On this day in 1914, Secretary of the Treasury William McAdoo and Secretary of Agriculture David Houston, opened hearings in St. Louis.1 They were, as Senator John Weeks would afterward say, in the midst of “tangoing about the country asking the people if they wanted a reserve bank.” At the close of their dance, “in the home States of each member of the committee at least one regional bank was established, while two were given to Missouri, Secretary Houston’s State.” Weeks went on, “they are not the natural locations for reserve banks.”

On the one hand, there were excellent substantive reasons for placing the banks as they did. Missouri stands at almost the geographic center of the contiguous U.S. and borders eight states. It was in 1910 the seventh-most populous state in the country, well ahead of its fellows in the national midsection.

On the other hand, it is profoundly difficult not to believe that politics played some role. It always does. Which is why I’m bringing up not the origin, but the organization, of the Federal Reserve system. Too often we write about the passage of legislation as the end of a story, rather than simply a chapter-break within it: in 1913, Congress established the Federal Reserve system, which we still have today — hurray! now we have completed the epic that began with Hamilton’s Bank, continued through the Second Bank and Jackson and the National Banking system of the Civil War and the gold and silver controversies.

Except, of course, not: while we do have the Federal Reserve System today, it is a very different creature from what any of its makers imagined. The two feuding factions — broadly rendered, Republicans wanted more private control and more centralization, while Democrats wanted the opposite — had to compromise on the shape of the thing-that-was-not-a-central-bank, and nobody knew what would happen next.2

So the first round of the fight drew to a close with both sides gaining a little and losing a little in shaping the system — but then what? Organizing the system was another round in the fight. Staffing it was a third, making policy a fourth, vying for control within the system a fifth, and so on. Creating the potential for reasonable competence in 1935 was a further move, and focusing policies on inflation to the (alleged) exclusion of unemployment yet another.

And so are the pressures on the system today.

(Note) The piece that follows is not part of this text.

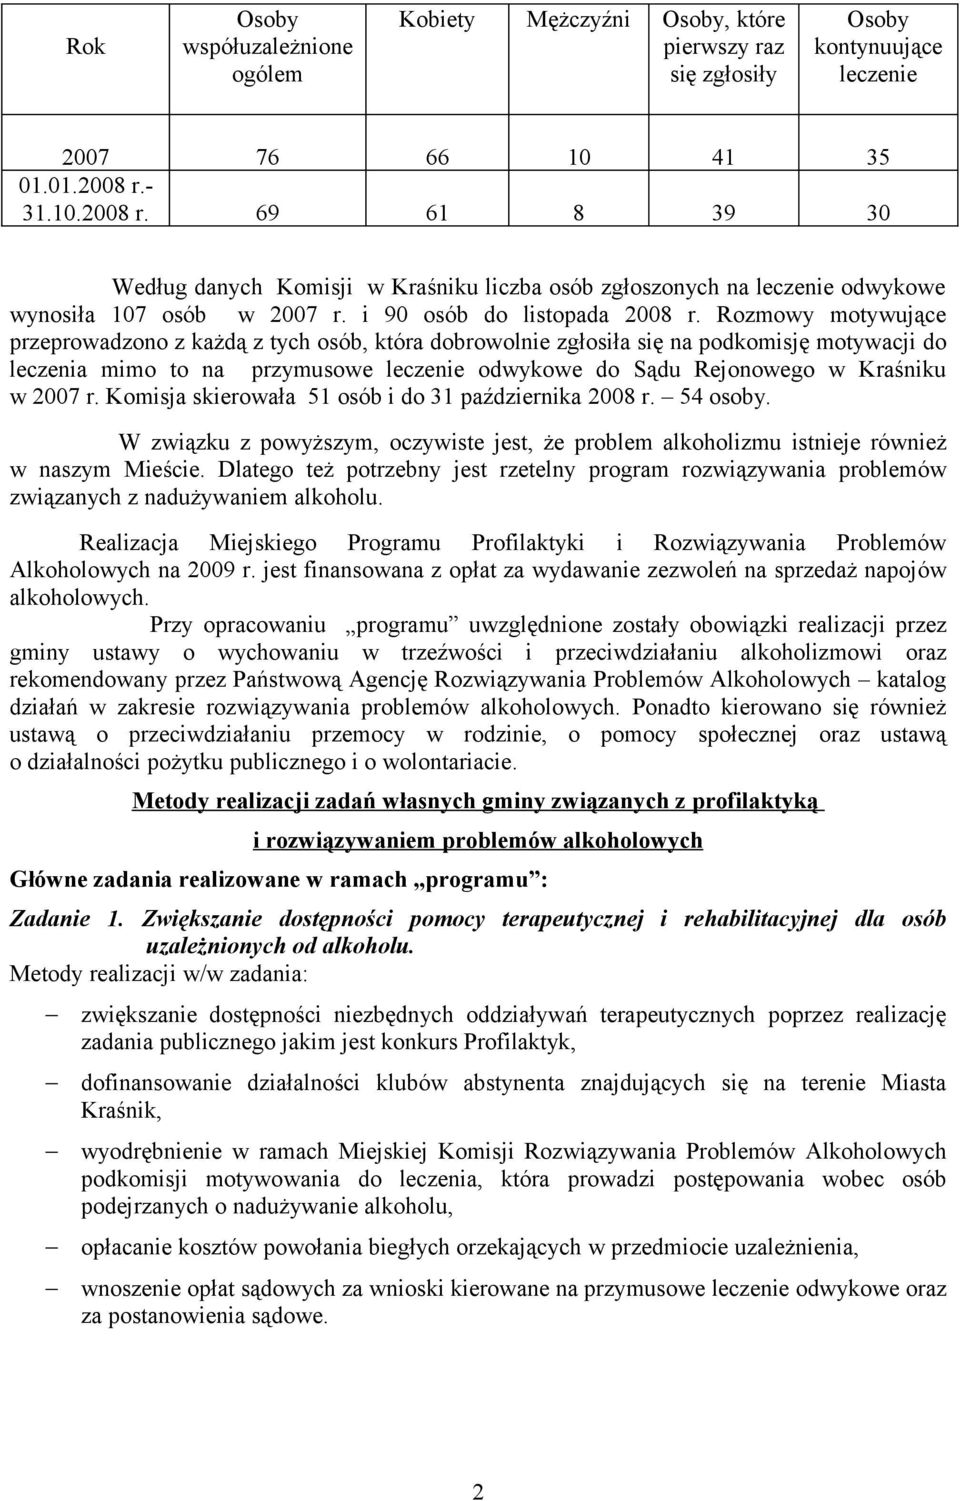 Rozmowy motywujące przeprowadzono z każdą z tych osób, która dobrowolnie zgłosiła się na podkomisję motywacji do leczenia mimo to na przymusowe leczenie odwykowe do Sądu Rejonowego w Kraśniku w 2007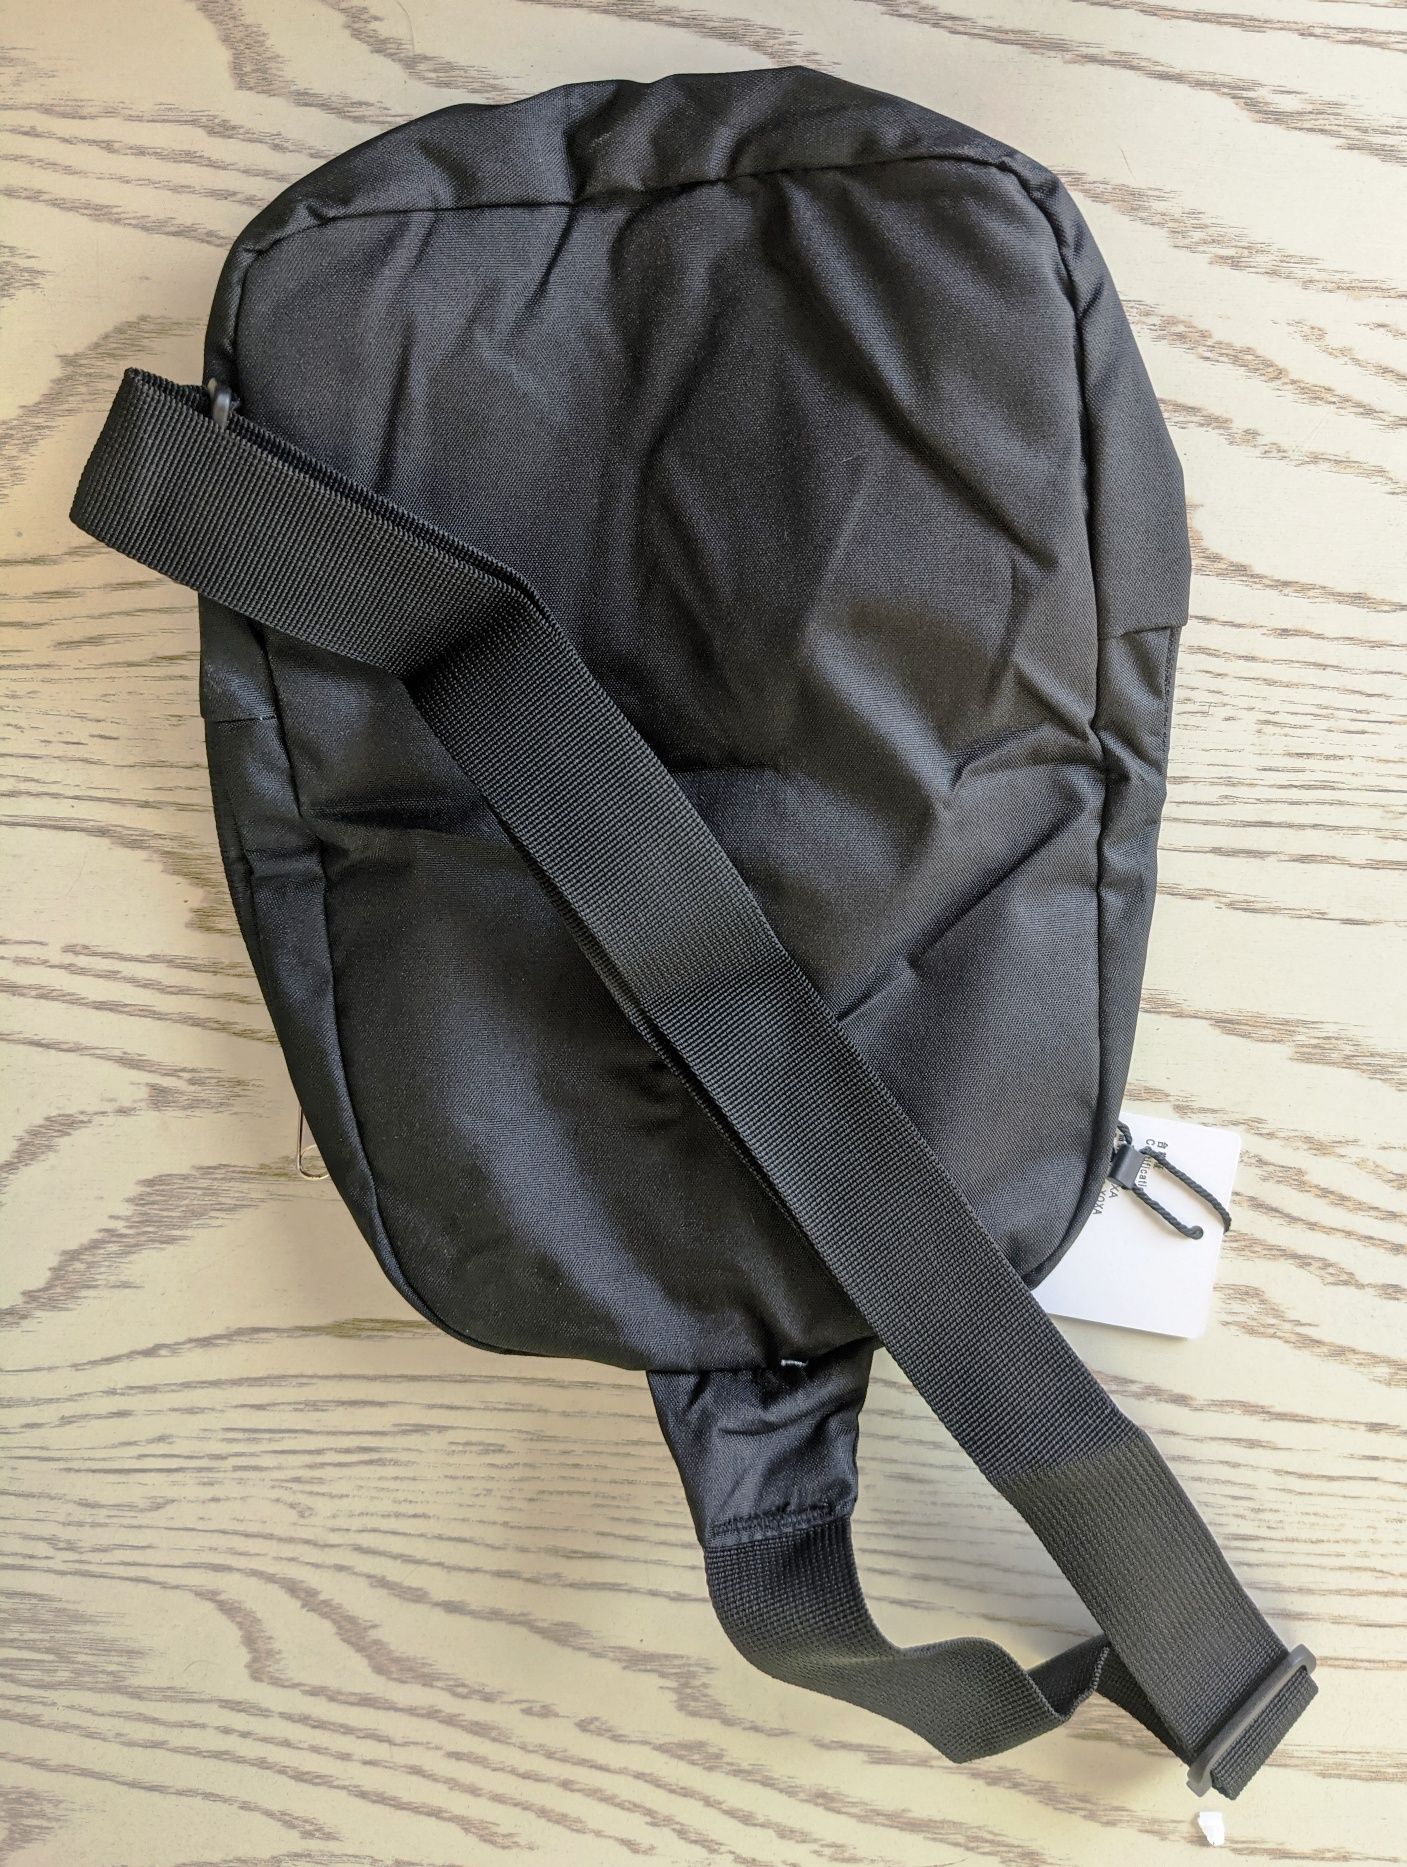 Сумка – мини-рюкзак с одной лямкой XQXA, можно использовать для спорта

Keynes may have hoped that economists could get themselves “thought of as humble, competent people on a level with dentists” — but it is a forlorn hope, for central bankers anyway. We may have fewer fireworks over Federal Reserve appointments than we do over Supreme Court choices — but the positions are no less political.

Perhaps the major difference now is, we put pressure on personnel rather than seeking changes in the system. In the old days, folks seemed to have endless faith that a properly designed system would prevent them from having to rely on the tender mercies of Bernankes.

For example: the federal government produced the map below in 1917, showing the country’s financial readiness for war. I’ve enhanced it with some color, showing the reserve bank cities, the outlines of their districts — and also, some red dots, which are the cities with federal land banks, established in 1916, at the behest of the agrarian bloc wishing for still more publicly backed, decentralized farm credit than the Federal Reserve allowed.

Which is to say, this faction won some victories in establishing the Federal Reserve system, then immediately returned to wring some further concessions by establishing a further system. They didn’t simply suppose they should lobby Federal Reserve bankers — they tried to build a financial system that would respond to their needs. It suggests a people unused to the idea of putting themselves in the hands of a governing class.


1Yes, we know we could have done inauguration day or MLK day. Later, when we run out of ideas and are phoning it in from our villas on the French Riviera, I’m sure we will.
2People who want to claim the Federal Reserve Act resulted from Republican machinations have to contend with e.g. the vote on passage in the House, in which Democrats went 248-3 in favor and Republicans 30-80. Those are some wily Republicans, opposing their own measure like that.